Лютика тоже тянуло в дорогу. Даже в бреду, во время родовой горячки, она говорила о каком-то срочном отъезде.

и в стихах Лютик куда-то убегала или даже летела. Иных, более спокойных, состояний она просто не представляла.


Сегодня закатные краски Особенно как-то певучи, Звенит, как клинок дамасский, Луч солнца из алой тучи. Сегодня могу, я знаю, Богов гневить безвозмездно, Замирая, идти по краю Над самою черною бездной…

Осип Эмильевич предлагал ей своего рода паллиатив. Замена, может, и вынужденная, но не случайная: свобода для него всегда ассоциировалось с гостиницей.

Во-первых, ему мерещилось нечто, ограниченное временем. Во-вторых, существенным обстоятельством ему представлялись интерьеры.

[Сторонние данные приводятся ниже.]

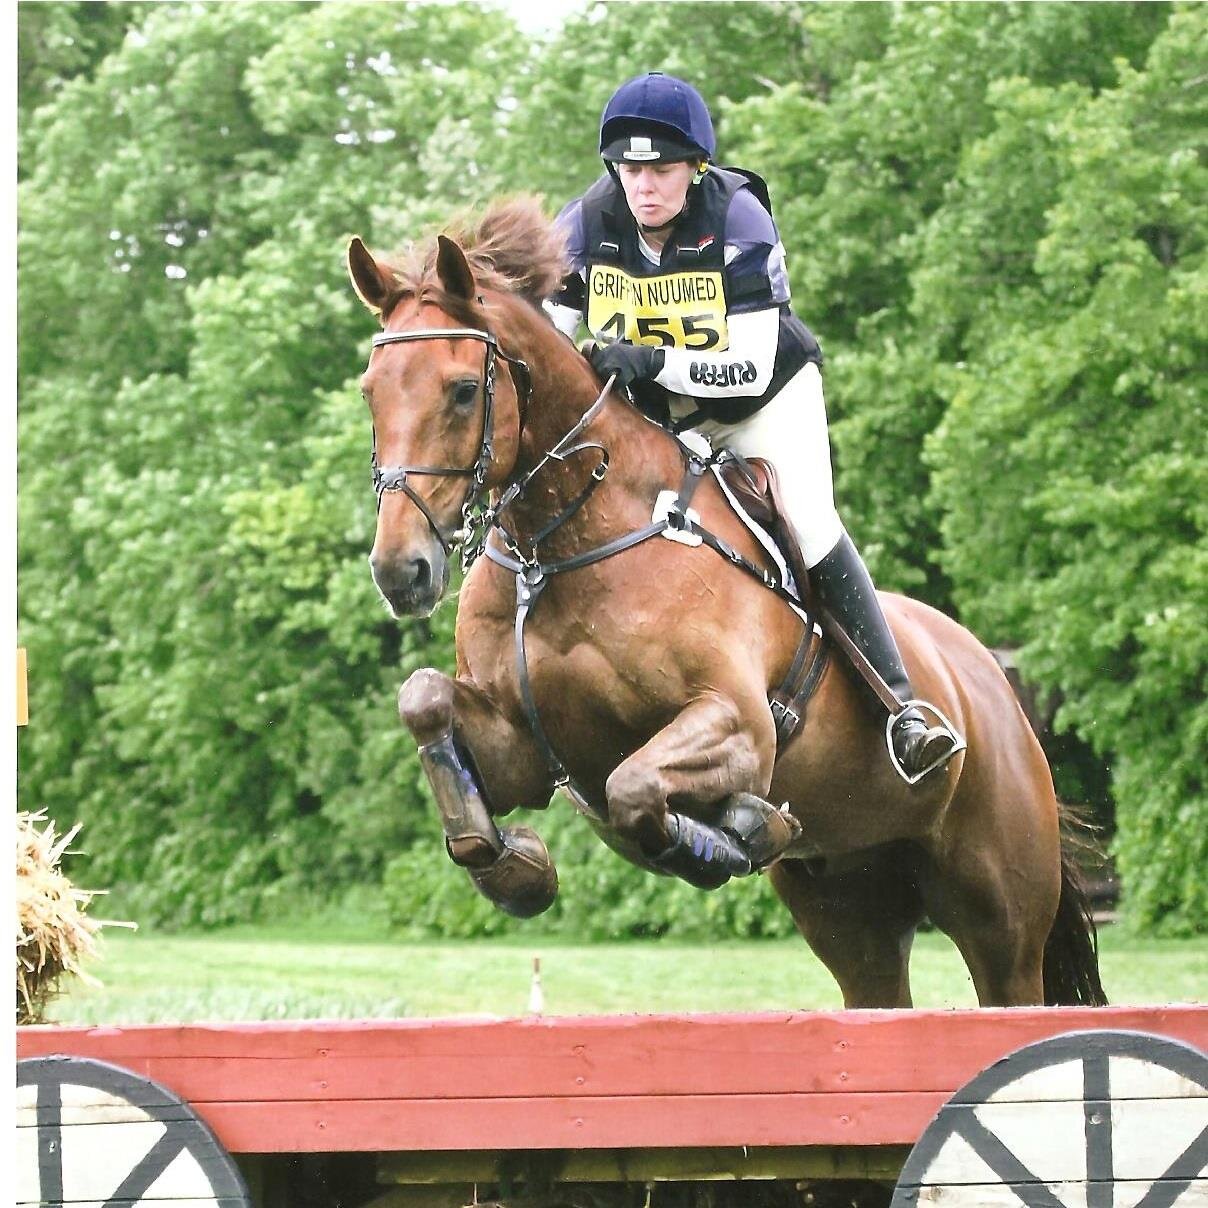 A working rider competing BE and BD to see how far she can get.  Also co-owner of a small livery business in Cornwall.

История это давняя, уходящая корнями в юность. Уже тогда завязались его отношения с гостиничной роскошью. Что-то тут угадывалось ему настолько важное, что он даже написал об этом в письме из Швейцарии:

«У меня странный вкус: я люблю электрические блики на поверхности Лемана, почтительных лакеев, бесшумный полет лифта, мраморный вестибюль hotel'я и англичанок, играющих Моцарта, с двумя-тремя официальными слушательницами в полутемном салоне. Я люблю буржуазный, европейский комфорт и привязан к нему не только физически, но и сантиментально».

Если где-то в Советской России и можно узнать о комфорте, то исключительно в гостиницах. Жизнь вокруг меняется необратимо, а тут даже горничные сохраняют почтительность. Есть здесь также бесшумный лифт, мраморный вестибюль и зимний сад под стеклянной крышей.

Даже реклама «Англетера» читается как стихи.

Первая строчка - ударная, сразу обращающая на себя внимание: «Первоклассные комфортабельно обставленные гостиницы-рестораны».

Затем следует сбой ритма. «Со всеми удобствами», - поясняет реклама мелкими буквами. И добавляет, как бы вполголоса, еще более мелкими: «Ванные комнаты».

После вступления начинается самое главное:

«Лучшие рестораны, буфеты и кухни под наблюдением бывших шефов ресторанов «Кюба» и «Медведь».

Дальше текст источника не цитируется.